I sell Kia's for a living and currently lease a Sorento. I leased it for exactly the same uses you have...I camp, kayak, fish, ice fish with a shanty and have a family (3 w/ 1 on the way). As I'm not trying to "sell" you one, I suggest you do a little homework on the Sorento...reviews, accolades, pricing etc. and I'm pretty sure it will at least make your short list. The model I have / would recommend is the LX 4cyl w/convenience package, either front wheel drive or all wheel drive based on preference.
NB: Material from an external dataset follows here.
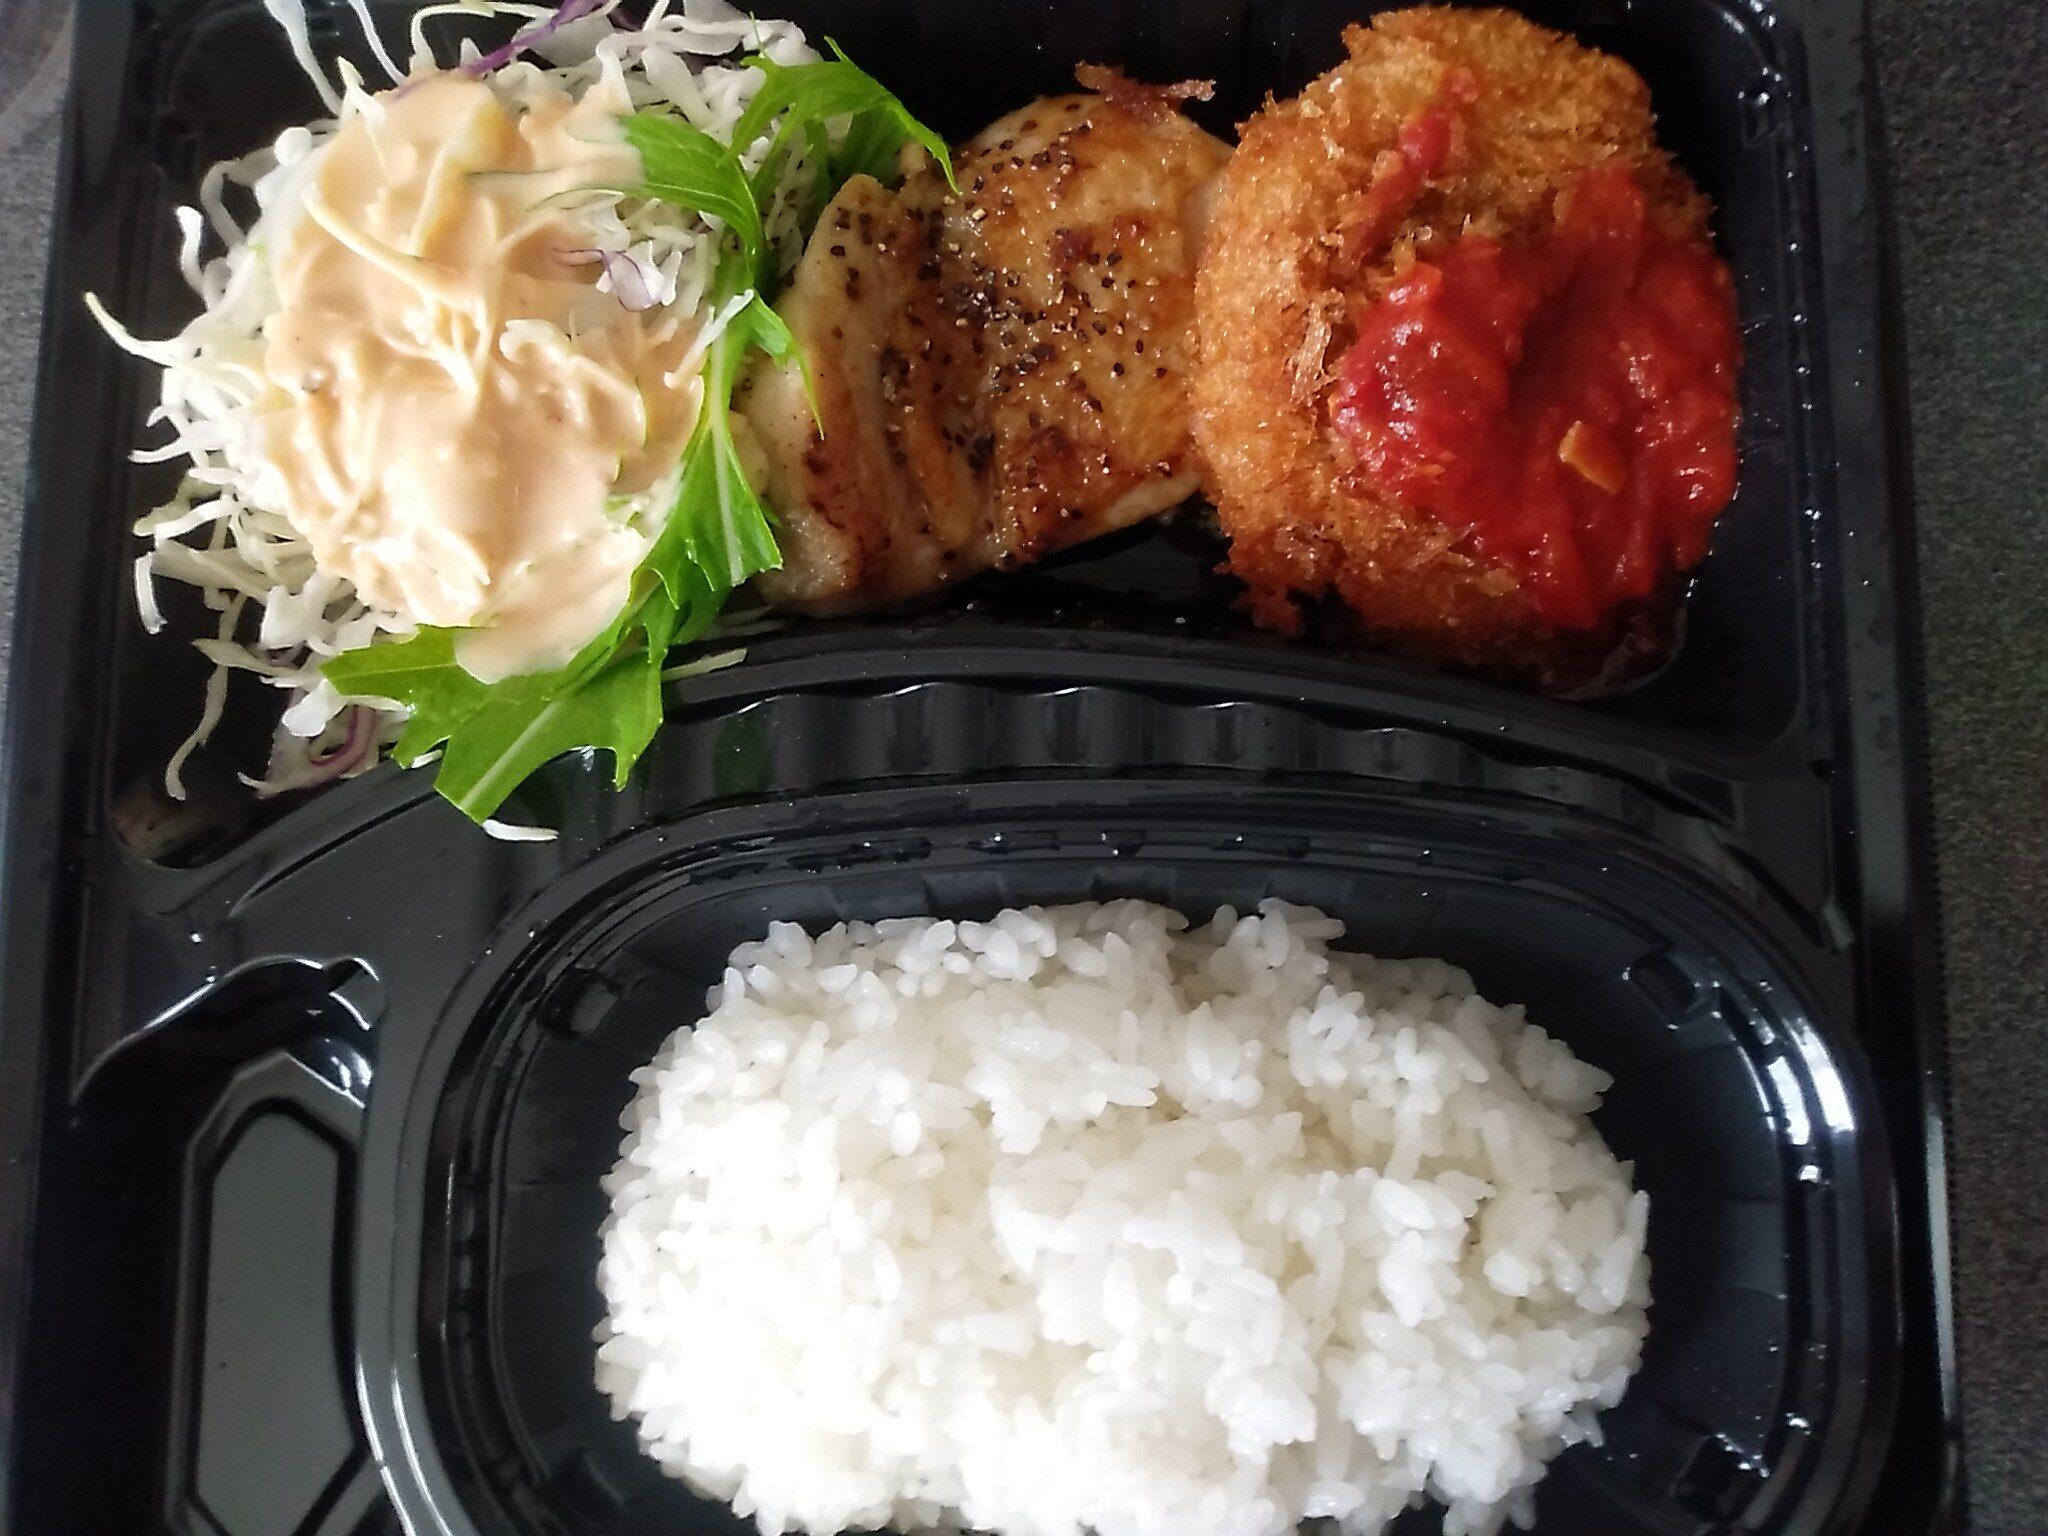 チキンステーキ&ポテトコロッケ弁当 ジョイフル

It will come with all power (not seats) blue tooth (life changing!), heated cloth seats, back up camera, alloys, cruise, Sirius radio and all digital audio inputs (aux, usb, streaming) It has an optional 3rd row seat but without it (like mine) you have a very convenient underfloor storage compartment in back...fits my 3 camp chairs, roll up table, tent and poles, vests and paddles, and lantern+misc gear without actually touching cargo space. 4cyl is plenty and is listed at 21-28mpg AWD and 22-32 FWD. I can slide my 2 man Frabill shanty in with the back seats down. Kayaks go on two vertical racks on the factory roof bars. 5yr/60k bumper to bumper 10yr/100k powertrain warranty and IT'S BUILT IN GEORGIA!!!!! Even though I sell Kia's, I had no obligation to buy one and really no better deal because I worked here than what I could give to someone and I shopped extensively. Came down to the Forrester and the Sorento...Sorento had more stuff and was bigger for way less money. Not a sales pitch, but if you have questions...Don


----------



## benjaminrogers (Jul 11, 2011)

One of the main selling points for me will be some 'rough' road access. Let's face it, some of the spots we fish can be tough on normal sedans. Bubba if you read this I'm talking about spots like Emerald Pkwy and it's put in point to the north.


----------



## Bubbagon (Mar 8, 2010)

There's no put in north of Emerald....
Shhhhhhhhhhhh!


----------



## benjaminrogers (Jul 11, 2011)

Bubbagon said:


> There's no put in north of Emerald....
> Shhhhhhhhhhhh!


Up at Bellpoint there is!!!


----------



## backlashed (Mar 19, 2011)

Man, I'd never thought of noodles, what an awesome suggestion.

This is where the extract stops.